What is input validation?
Any system or application that works with input data needs to ensure that it is valid. This applies equally to information provided directly by the user and to data received from other systems. There are many different types and levels of validation, from syntactic validation that checks the input types and lengths to semantic validation that ensures supplied values make sense in the application context. So if you’re entering an email address, syntactic validation would mean checking the syntax (i.e. the characters and structure) to ensure that it is a valid email, while semantic validation might allow (or exclude) only addresses from specific domains.

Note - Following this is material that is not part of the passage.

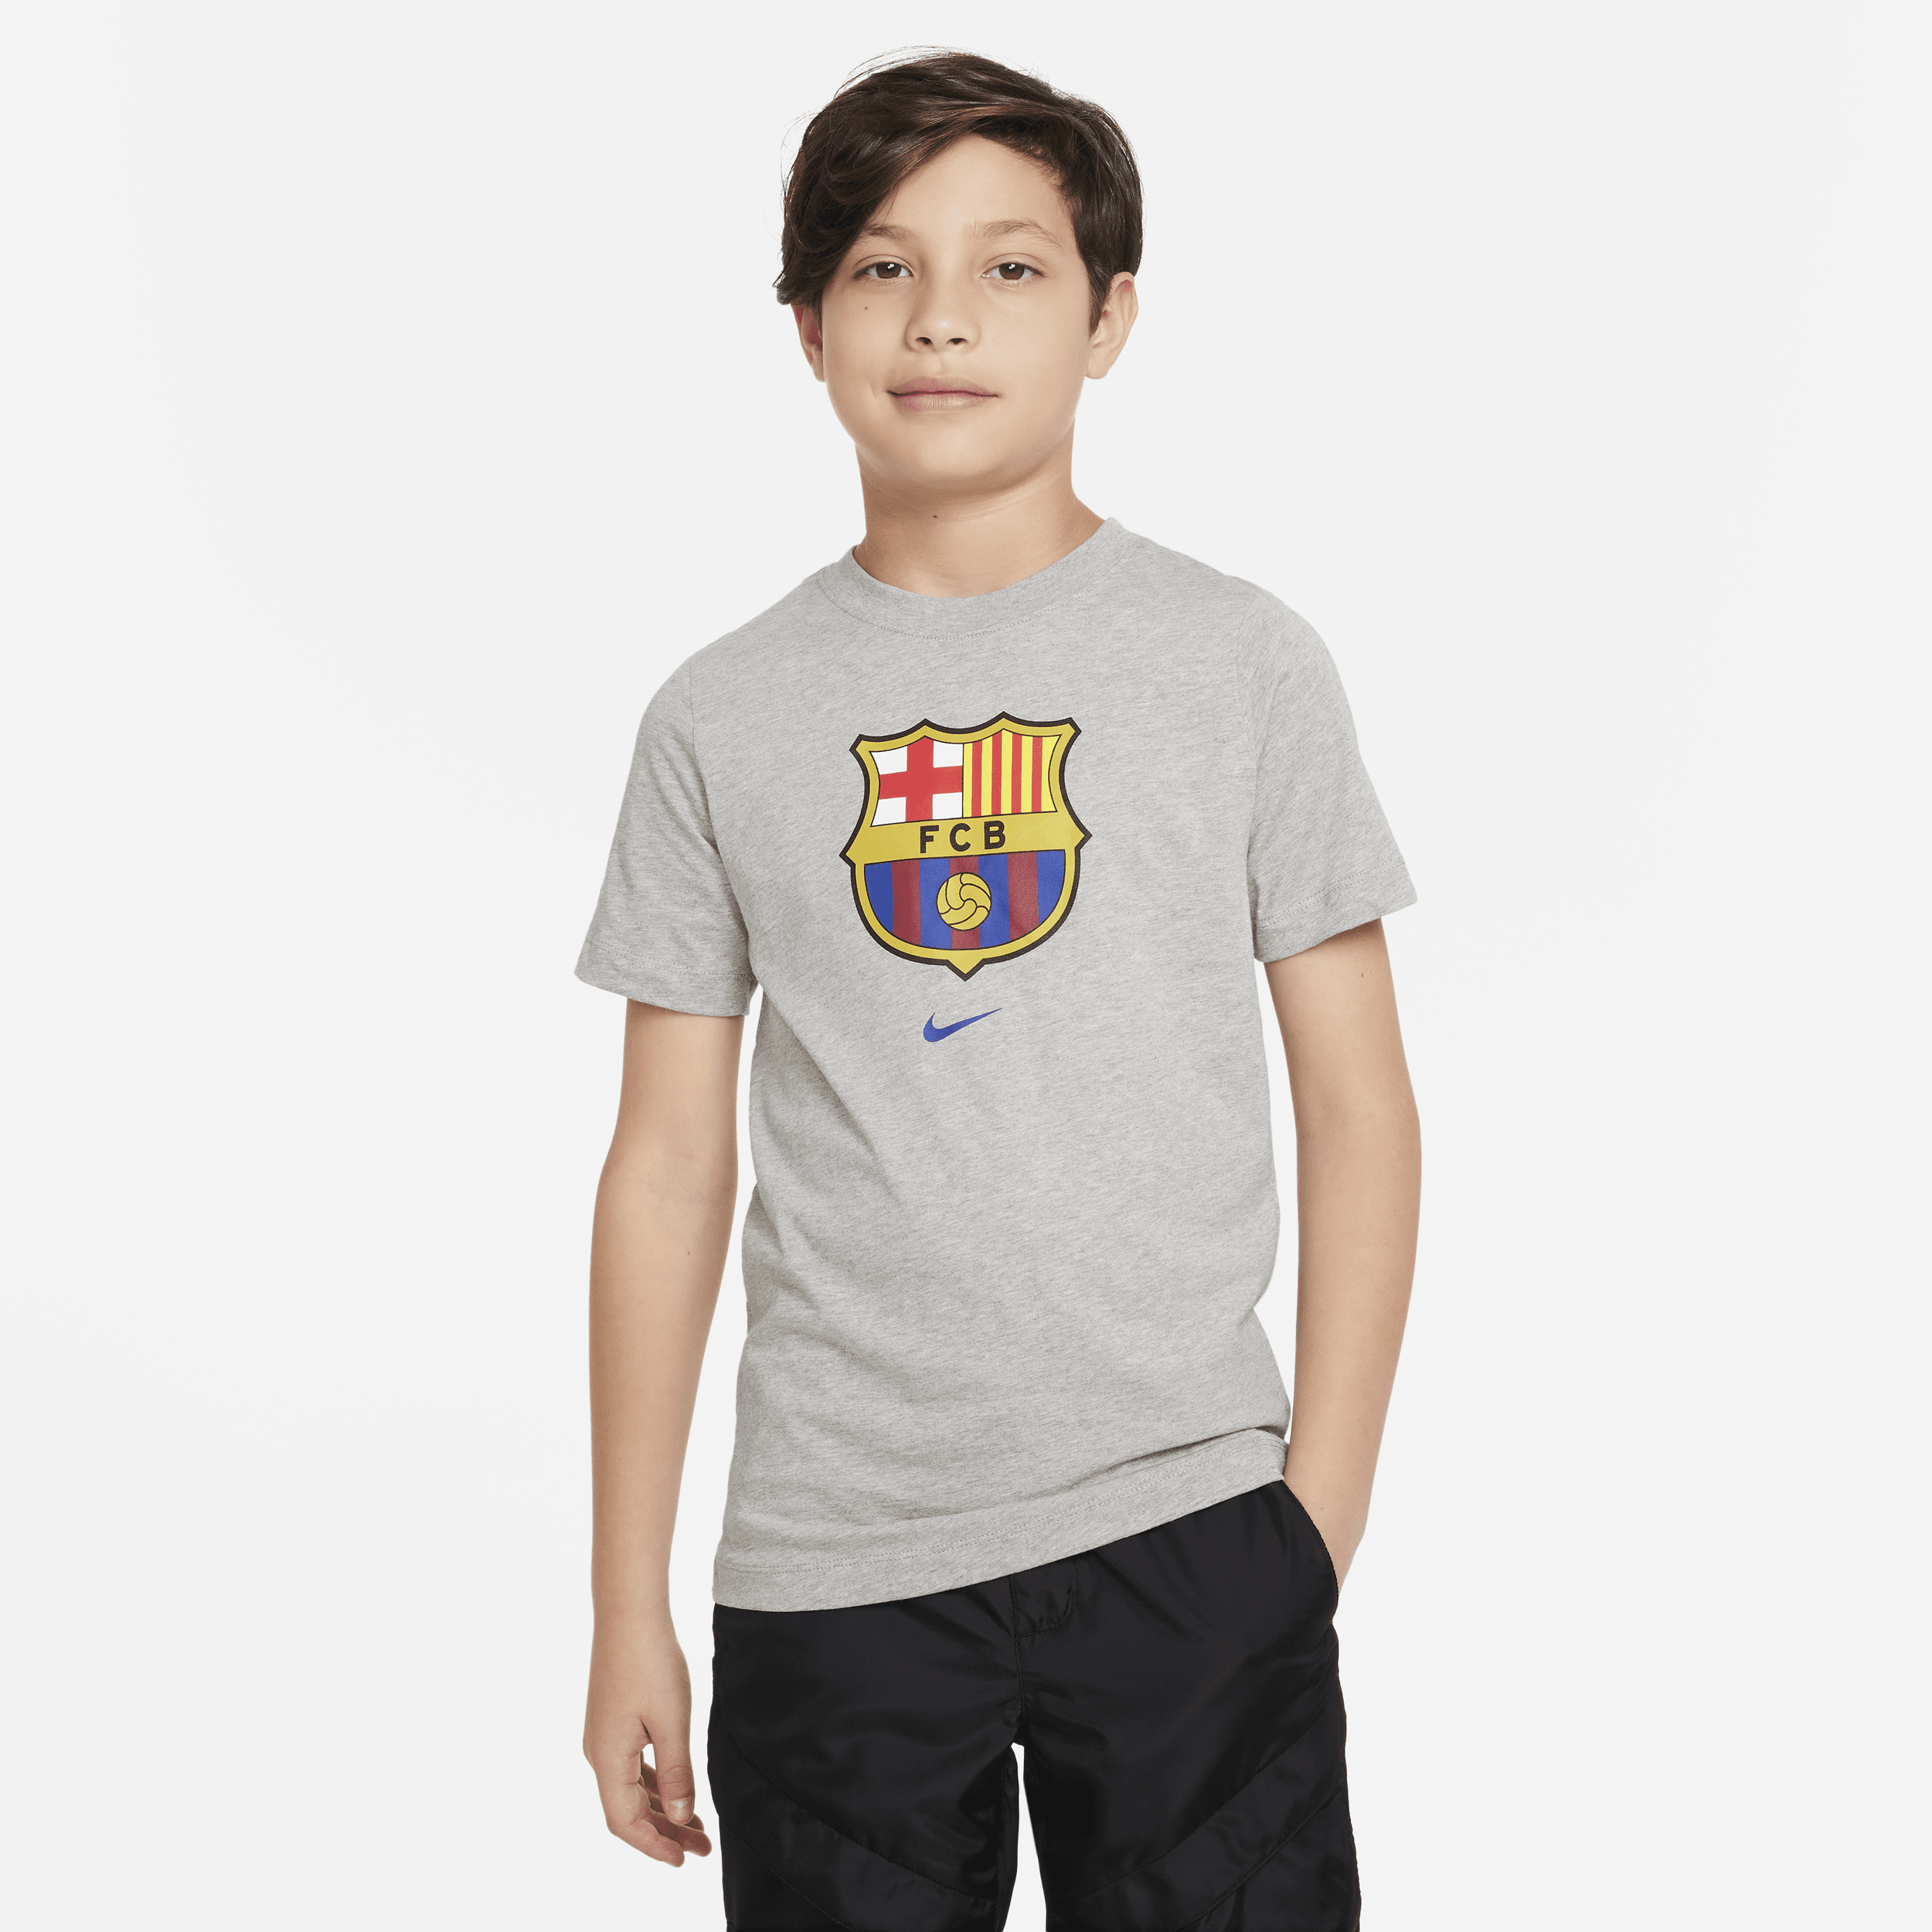 FC Barcelona Crest Camiseta Nike - Niño/a - Gris

In web application development, input validation is typically understood as checking the values of web form input fields. This initial client-side validation is performed directly in the browser, but you also have to check submitted values on the server side.

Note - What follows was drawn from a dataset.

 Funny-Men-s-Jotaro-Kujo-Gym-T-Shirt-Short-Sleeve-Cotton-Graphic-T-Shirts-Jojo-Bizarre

While you will often see the terms user input or user-controlled input, actually determining all the application inputs that a malicious user could control is not easy. This is why it is good security practice to treat all application inputs as untrusted by default and validate everything. The same principle also applies to data originating from theoretically trusted systems and users since attackers may abuse such trust relationships to send dangerous data via a compromised third party.
The consequences of improper input validation
When reading about web vulnerabilities on this blog, you may have noticed that many of the posts have a very similar ending: “To mitigate this vulnerability, make sure you carefully validate all user inputs.” By preventing malicious users from freely entering attack strings, you can reduce your exposure to many injection attacks, including cross-site scripting (XSS), SQL injection, and code injection (RCE). If you look at the definition of CWE-20: Improper Input Validation, you will notice that this weakness can precede many others and lead to all sorts of security headaches.

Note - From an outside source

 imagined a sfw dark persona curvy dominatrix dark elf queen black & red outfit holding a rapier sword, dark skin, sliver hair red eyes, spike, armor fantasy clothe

While input validation alone can never prevent all attacks, it can reduce the attack surface and minimize the impact of any attacks that do succeed. Beyond its security implications, data validation is also crucial for software performance, stability, and usability. When processing invalid or corrupt data, an application might return incorrect results, fail to load, or even crash the web server.
Missing or insufficient input validation can also degrade the user experience on other levels. For example, if a registration page fails to detect an incorrect email or phone number, the user may be unable to confirm their account. If invalid data passes validation in the browser and is only caught during server-side validation, users may experience errors or longer load times.
How to ensure proper input validation in web applications
HTML5 validation features
The HTML5 spec includes built-in form validation features that let you specify validation constraints directly in HTML. These include input field attributes such as
required to indicate a required field,
type to specify the data type,
maxlength to define a maximum length limit, and
pattern to specify a regex pattern for valid values. The spec also defines CSS pseudo-classes such as
:invalid so you can easily apply different styles depending on the validation result.
Built-in form validation features in HTML5 are a great place to get started with data validation. With just a few extra attributes in standard HTML elements, you get basic data type and content validation with cross-platform support to save you a lot of work and provide a native user experience. For detailed examples, see the MDN article on client-side form validation.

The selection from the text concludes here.